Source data
========================================================================

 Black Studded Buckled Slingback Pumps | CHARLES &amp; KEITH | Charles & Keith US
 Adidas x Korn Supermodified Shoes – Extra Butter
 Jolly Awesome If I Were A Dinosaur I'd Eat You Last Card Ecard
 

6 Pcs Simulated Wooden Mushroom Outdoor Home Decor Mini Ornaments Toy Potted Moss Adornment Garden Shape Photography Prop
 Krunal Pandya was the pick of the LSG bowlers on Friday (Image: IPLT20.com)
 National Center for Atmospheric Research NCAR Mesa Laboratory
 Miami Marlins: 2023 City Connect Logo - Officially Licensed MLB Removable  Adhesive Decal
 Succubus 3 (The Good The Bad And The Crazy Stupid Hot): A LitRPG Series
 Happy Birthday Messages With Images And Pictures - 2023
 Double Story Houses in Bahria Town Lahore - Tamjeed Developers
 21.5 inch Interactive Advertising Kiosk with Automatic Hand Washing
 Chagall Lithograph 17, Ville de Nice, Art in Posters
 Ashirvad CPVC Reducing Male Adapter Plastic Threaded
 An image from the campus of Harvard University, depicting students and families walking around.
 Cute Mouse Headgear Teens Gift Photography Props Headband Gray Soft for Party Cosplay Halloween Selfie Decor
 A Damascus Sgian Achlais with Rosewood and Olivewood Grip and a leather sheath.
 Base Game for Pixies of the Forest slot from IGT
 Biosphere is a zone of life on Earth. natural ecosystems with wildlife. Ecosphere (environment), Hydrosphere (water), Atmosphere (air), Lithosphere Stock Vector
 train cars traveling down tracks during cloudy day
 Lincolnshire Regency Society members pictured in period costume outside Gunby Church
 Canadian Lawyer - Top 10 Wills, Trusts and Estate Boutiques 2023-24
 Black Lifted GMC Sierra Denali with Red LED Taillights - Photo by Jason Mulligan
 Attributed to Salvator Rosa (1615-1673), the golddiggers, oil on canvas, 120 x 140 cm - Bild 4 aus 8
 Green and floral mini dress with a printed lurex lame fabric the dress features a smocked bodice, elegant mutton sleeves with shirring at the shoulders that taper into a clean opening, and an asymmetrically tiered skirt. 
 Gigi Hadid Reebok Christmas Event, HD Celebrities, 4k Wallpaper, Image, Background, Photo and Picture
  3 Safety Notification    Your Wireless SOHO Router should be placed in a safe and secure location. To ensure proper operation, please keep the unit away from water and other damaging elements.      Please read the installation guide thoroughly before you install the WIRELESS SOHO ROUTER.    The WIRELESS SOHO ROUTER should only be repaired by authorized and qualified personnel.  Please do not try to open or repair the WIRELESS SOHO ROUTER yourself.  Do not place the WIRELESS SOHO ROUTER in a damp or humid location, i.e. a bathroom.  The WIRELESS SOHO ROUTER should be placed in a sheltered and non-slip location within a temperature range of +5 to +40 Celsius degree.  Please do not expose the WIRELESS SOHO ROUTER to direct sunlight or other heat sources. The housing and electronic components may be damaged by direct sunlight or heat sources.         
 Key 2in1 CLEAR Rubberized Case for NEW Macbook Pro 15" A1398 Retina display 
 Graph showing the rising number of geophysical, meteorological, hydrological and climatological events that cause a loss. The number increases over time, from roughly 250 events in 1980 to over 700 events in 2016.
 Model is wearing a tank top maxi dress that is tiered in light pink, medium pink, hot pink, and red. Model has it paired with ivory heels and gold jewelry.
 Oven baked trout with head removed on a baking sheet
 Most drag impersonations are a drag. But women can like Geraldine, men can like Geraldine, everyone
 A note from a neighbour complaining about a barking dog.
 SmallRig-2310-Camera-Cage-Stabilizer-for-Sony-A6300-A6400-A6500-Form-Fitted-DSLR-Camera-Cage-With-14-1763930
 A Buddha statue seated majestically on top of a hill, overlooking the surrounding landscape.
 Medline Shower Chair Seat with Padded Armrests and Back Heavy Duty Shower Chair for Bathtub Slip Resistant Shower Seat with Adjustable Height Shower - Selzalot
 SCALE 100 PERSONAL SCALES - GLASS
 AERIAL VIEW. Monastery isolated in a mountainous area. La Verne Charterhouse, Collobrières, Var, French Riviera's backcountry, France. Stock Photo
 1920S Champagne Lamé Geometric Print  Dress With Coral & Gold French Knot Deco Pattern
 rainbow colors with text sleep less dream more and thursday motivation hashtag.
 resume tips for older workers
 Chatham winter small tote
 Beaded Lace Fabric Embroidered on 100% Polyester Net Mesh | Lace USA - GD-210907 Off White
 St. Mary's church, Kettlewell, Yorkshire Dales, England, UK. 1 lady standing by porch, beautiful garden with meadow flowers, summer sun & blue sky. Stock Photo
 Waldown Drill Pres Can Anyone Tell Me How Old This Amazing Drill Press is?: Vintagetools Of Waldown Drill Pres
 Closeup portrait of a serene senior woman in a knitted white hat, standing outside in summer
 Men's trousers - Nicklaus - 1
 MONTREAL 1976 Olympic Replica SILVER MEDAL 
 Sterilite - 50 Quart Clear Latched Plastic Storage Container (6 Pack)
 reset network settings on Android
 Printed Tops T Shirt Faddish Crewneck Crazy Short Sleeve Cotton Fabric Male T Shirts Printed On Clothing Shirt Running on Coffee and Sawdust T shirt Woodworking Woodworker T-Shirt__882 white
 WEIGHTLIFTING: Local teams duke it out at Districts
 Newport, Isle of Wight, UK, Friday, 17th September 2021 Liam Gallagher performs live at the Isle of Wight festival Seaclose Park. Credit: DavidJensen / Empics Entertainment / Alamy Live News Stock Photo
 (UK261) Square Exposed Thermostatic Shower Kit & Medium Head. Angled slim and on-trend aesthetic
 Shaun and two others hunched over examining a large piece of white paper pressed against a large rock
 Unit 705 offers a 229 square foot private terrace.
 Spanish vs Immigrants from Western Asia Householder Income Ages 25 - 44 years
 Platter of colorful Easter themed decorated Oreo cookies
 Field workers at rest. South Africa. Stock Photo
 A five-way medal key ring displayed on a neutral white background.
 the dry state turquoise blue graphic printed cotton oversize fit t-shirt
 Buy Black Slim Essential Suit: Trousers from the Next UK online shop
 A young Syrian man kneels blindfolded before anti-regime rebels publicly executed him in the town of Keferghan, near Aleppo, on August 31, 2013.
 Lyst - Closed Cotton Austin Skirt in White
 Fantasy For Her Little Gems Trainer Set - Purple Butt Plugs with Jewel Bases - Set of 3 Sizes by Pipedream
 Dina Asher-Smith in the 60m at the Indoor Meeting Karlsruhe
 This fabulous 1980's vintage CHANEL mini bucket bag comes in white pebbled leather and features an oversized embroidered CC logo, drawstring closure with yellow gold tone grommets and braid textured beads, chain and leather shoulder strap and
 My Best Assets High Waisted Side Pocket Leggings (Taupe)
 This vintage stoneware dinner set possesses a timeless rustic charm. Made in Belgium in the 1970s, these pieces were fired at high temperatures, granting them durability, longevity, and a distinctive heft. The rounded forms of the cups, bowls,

========================================================================

__WORK REQUIRED__: Lines that hold the word "Photography" are the ones to copy from the entries above.

__ANSWER BOX__:
6 Pcs Simulated Wooden Mushroom Outdoor Home Decor Mini Ornaments Toy Potted Moss Adornment Garden Shape Photography Prop
 Cute Mouse Headgear Teens Gift Photography Props Headband Gray Soft for Party Cosplay Halloween Selfie Decor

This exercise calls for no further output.